Opinion polls on Tuesday suggested growing support amongst Britons for staying in the European Union but the vote in two days time which will have far-reaching consequences for Britain and Europe remains on a knife edge.
Britons will vote on Thursday on whether to quit the 28-nation bloc amid warnings from politicians, economists and trade bodies across the globe that a decision to leave would plunge Britain and possibly much of Europe into recession.
The bloc – already shaken by differences over migration and the future of the euro zone – would lose its second-largest economy, one of its top two military powers and by far its richest financial center.
George Soros, the billionaire who bet against the pound in 1992, wrote in an article for Britain's Guardian newspaper on Tuesday that a vote to leave would trigger a bigger, more disruptive devaluation in Britain's currency than the fall on Black Wednesday.
Opinion polls published since the murder of pro-EU lawmaker Jo Cox, who was shot and stabbed to death in her constituency in northern England last Thursday, have suggested sentiment might be moving towards an "In" vote.
An ORB poll for Tuesday's The Daily Telegraph newspaper found support for Remain at 53 percent, up five percentage points on the previous one, with support for Leave on 46 percent, down three points.
"All the signs of ORB’s latest and final poll point to a referendum that will truly come down to the wire," said Lynton Crosby, a political strategist who advised the ruling Conservative Party at the last national election in 2015.

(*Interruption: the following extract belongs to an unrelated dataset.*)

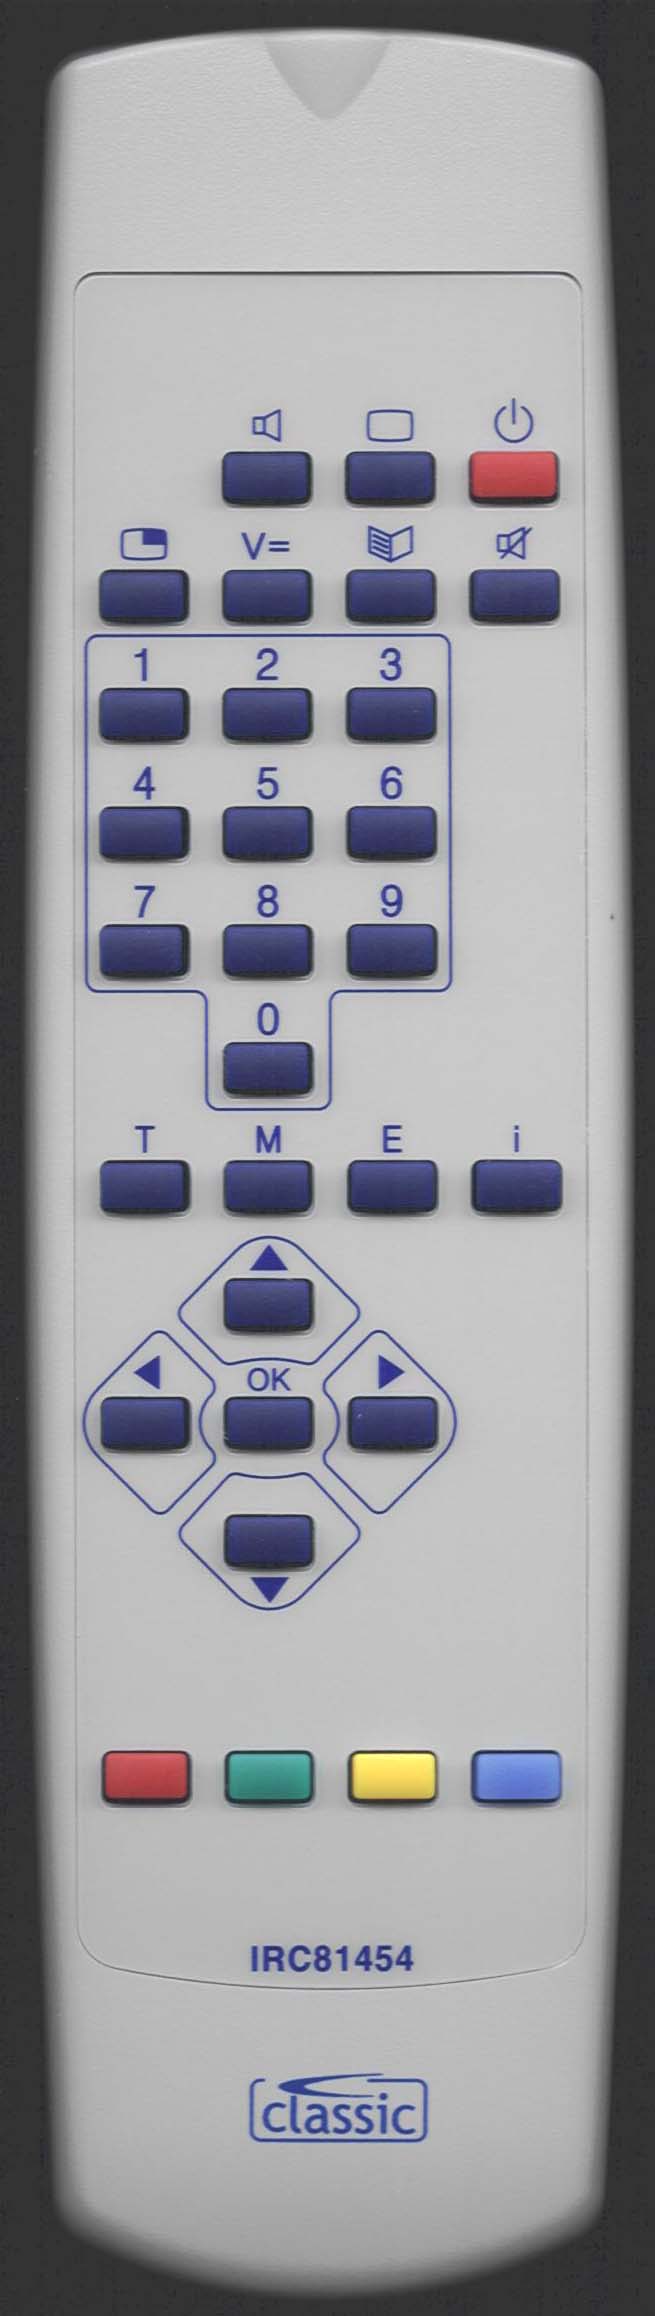 Loewe 263-87000.052 Remote Control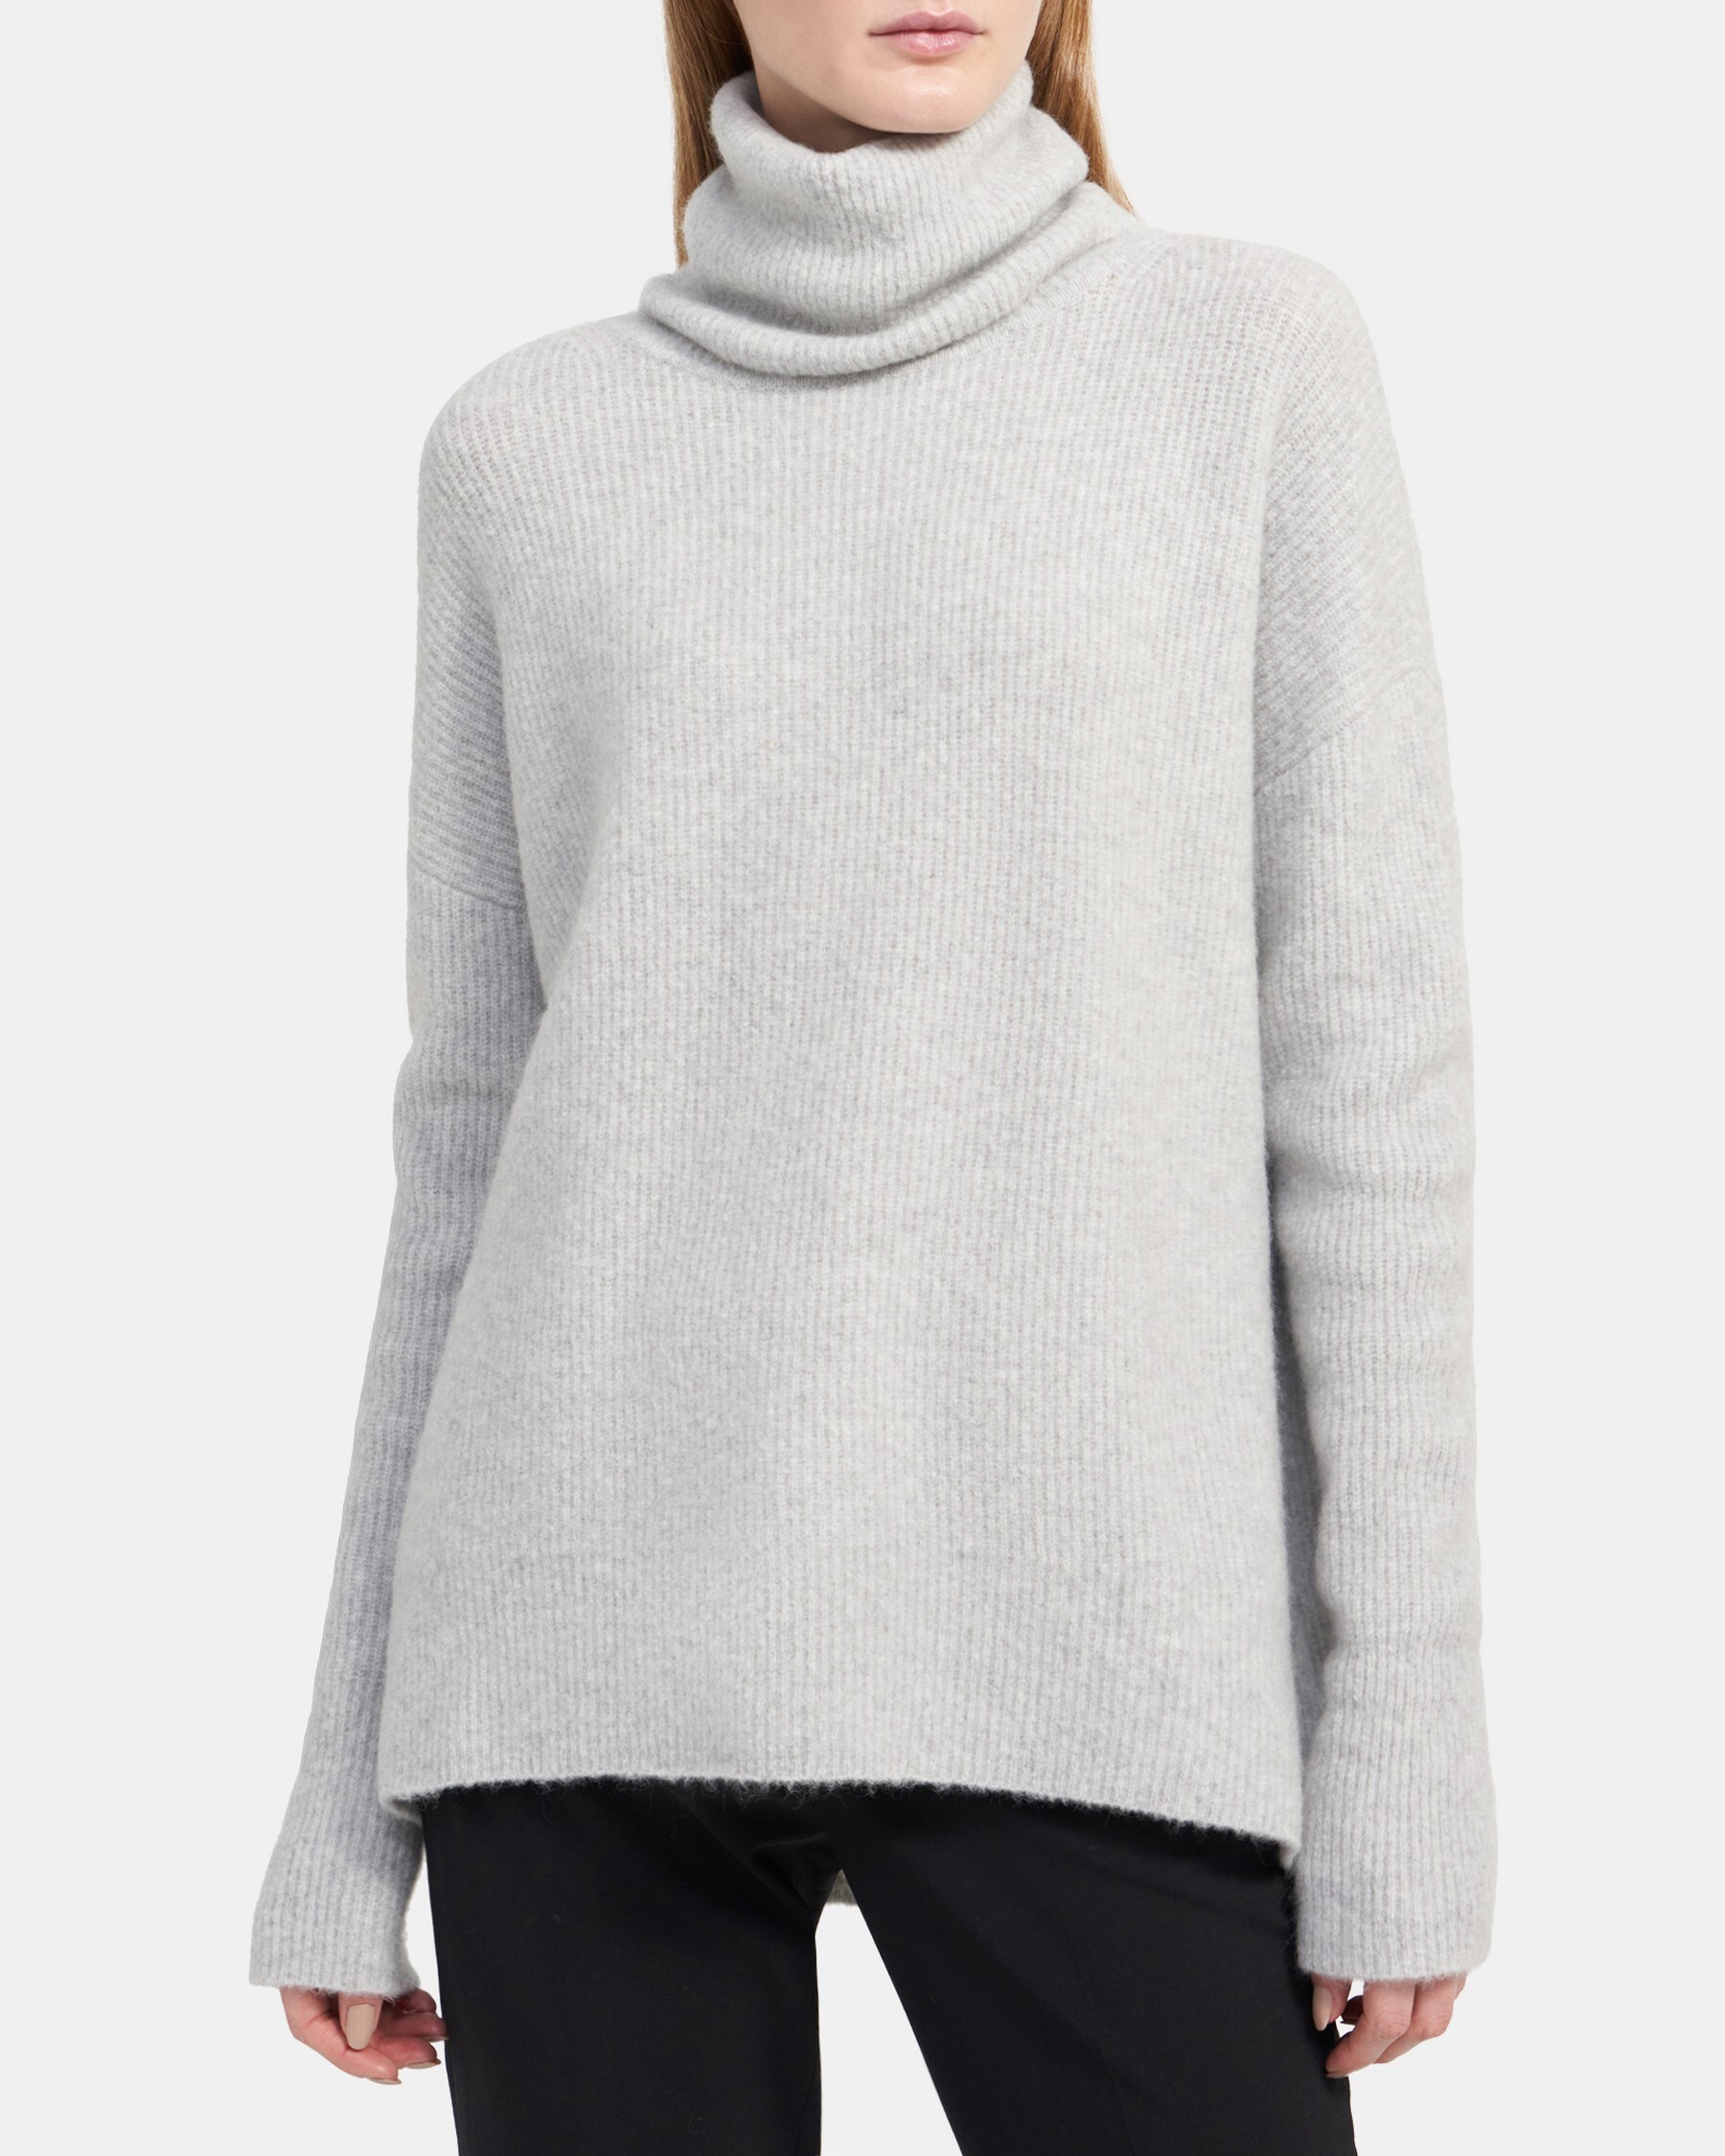 Turtleneck Sweater in Wool

The "Leave" camp had "failed to quash the almost ubiquitous perception that it is the riskier of the two options," he said.
Social research body NatCen also published a survey that found Remain on 53 percent and Leave on 47 percent, using a method that took on recommendations by an official inquiry into why pollsters got last year's election wrong, although its research was conducted from May 16 to June 12.
However, an online poll by YouGov for The Times showed Leave ahead on 44 percent, up one point, with Remain on 42 percent, down two points. That survey was conducted over the weekend after Cox was killed.
Campaigning was suspended for three days after the killing, which led to soul searching about the campaign and its tone, with Jeremy Corbyn, leader of Cox's opposition Labour Party, saying her murder was likely "extreme political violence".
Some "Leave" campaigners accuse the "Remain" camp of exploiting the murder as part of what they portray as a campaign of scaremongering over the referendum by the establishment at home and abroad.
Turnout is predicted to be key to the result, and the ORB poll found that Remain supporters, who had been regarded as being more apathetic, were becoming increasingly motivated to vote as polling day approaches.
Sterling and shares boost
Prior to the murder of Cox, polls had shifted towards "Leave", and the indication that an "In" vote was now more likely has boosted sterling and shares. Britain's FTSE-100 shares index jumped three percent on Monday while in early trading on Tuesday, the British pound was at a three-week high against the dollar.
According to Betfair betting odds, the implied probability of a British vote to remain in the European Union was 75 percent.
The "Out" campaign argues that it is the anti-establishment choice, and its message that EU membership has handed political control to Brussels and led to uncontrolled immigration appears to have struck a chord with many Britons.
That issue again gained prominence on Tuesday when Prime Minister David Cameron's former close aide Steve Hilton said the prime minister had been told four years ago that his target to reduce net immigration to Britain to the tens of thousands was impossible.
"We were told, directly and explicitly, that it was impossible for the government to meet its immigration target as long as we remained members of the EU, which of course insists on the free movement of people within in," Hilton, who has already said he backs Brexit, wrote in the Daily Mail newspaper.
Those wishing to stay in the bloc, including Cameron, have focused on what they describe as the economic advantages provided by EU membership and the risks posed by leaving.
The pro-EU camp, including former prime ministers Tony Blair and John Major, have warned that an exit could also trigger the break-up of the United Kingdom by prompting another Scottish independence vote if England pulled Scotland out of the EU.
The Remain camp not only boasts the support from the majority of senior business figures and world leaders such as US President Barack Obama and Angela Merkel, but also well-known stars from stage, screen and sport.
On Tuesday, former England soccer captain and hugely-popular David Beckham added his voice to that list. "For our children and their children we should be facing the problems of the world together and not alone," he said.